== Segment start ==
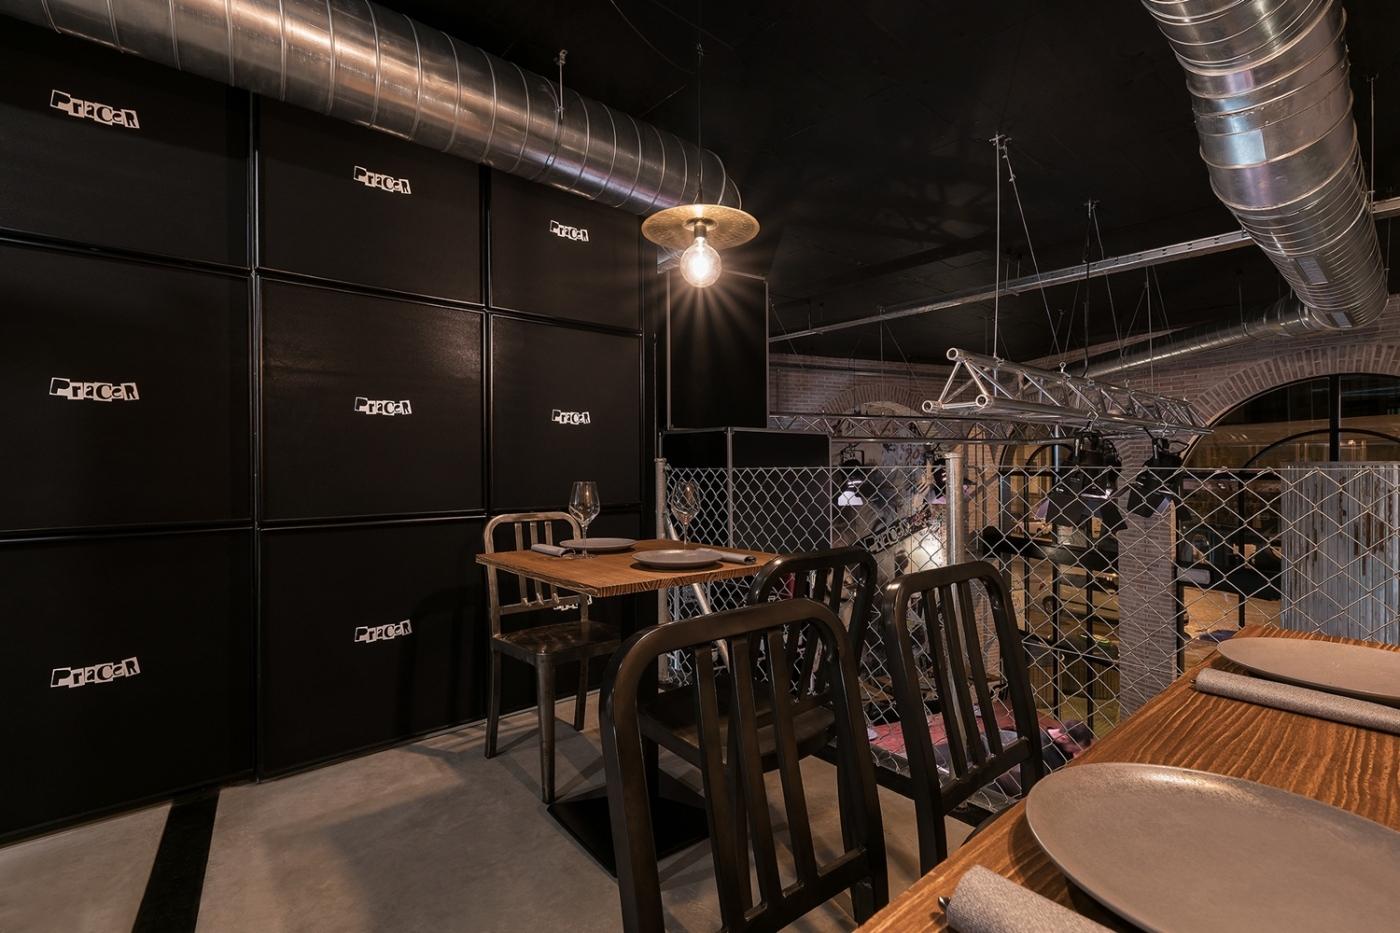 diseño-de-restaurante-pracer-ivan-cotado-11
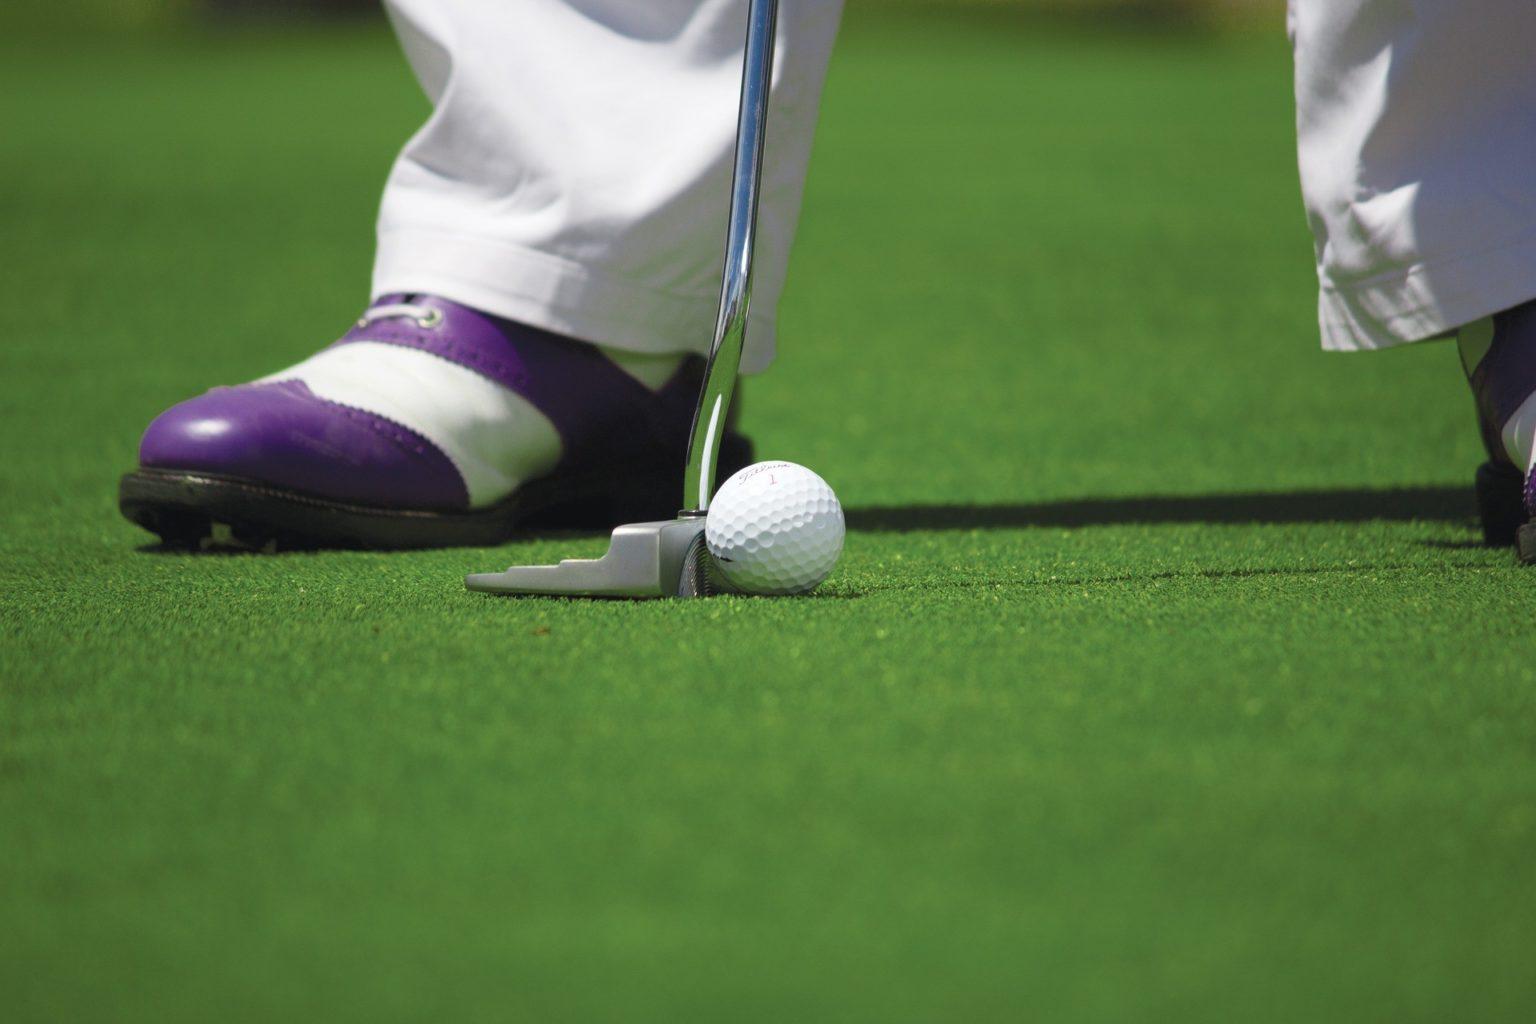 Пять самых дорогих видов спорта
== Segment end ==
== Segment start ==
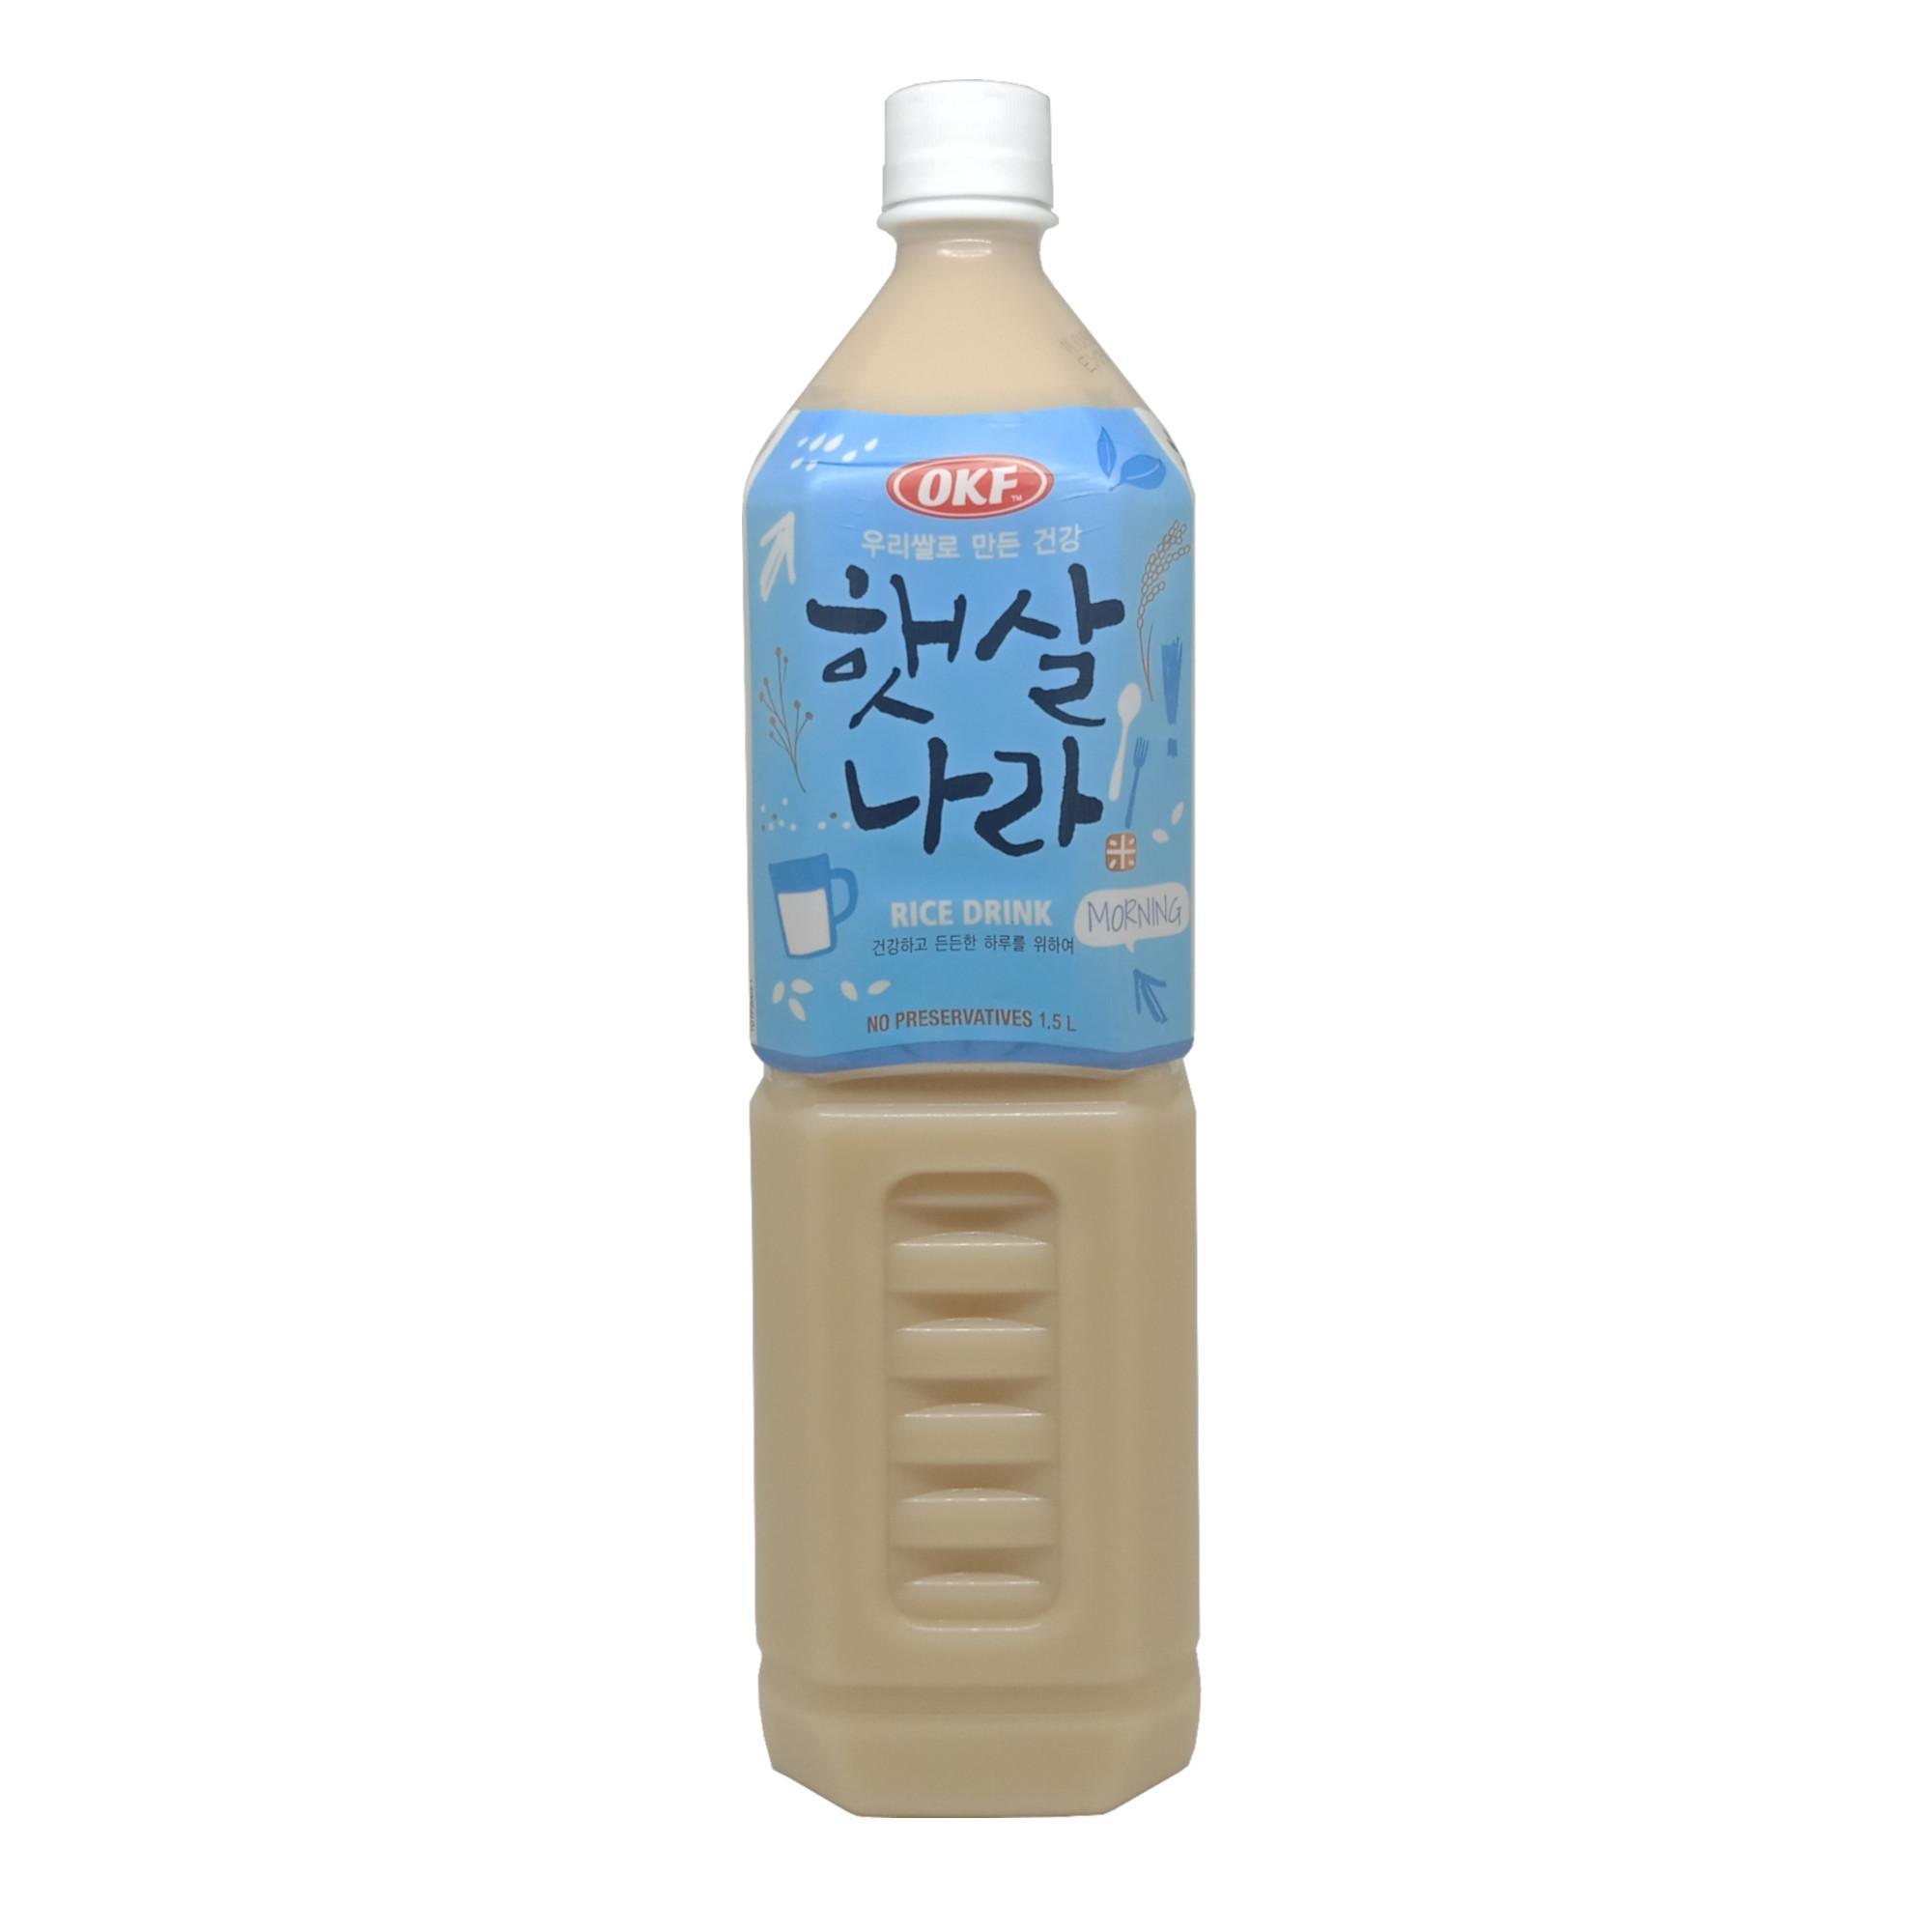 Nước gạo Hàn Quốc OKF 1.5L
== Segment end ==
▸ **What the exercise asks**: Although pictures appear among the records above, none are to be output; print exactly the lines from the line containing "diseño-de-rest" through the line containing "Пять самых дорогих видов спорта".

▸ **Problem solution**:
 diseño-de-restaurante-pracer-ivan-cotado-11
 Пять самых дорогих видов спорта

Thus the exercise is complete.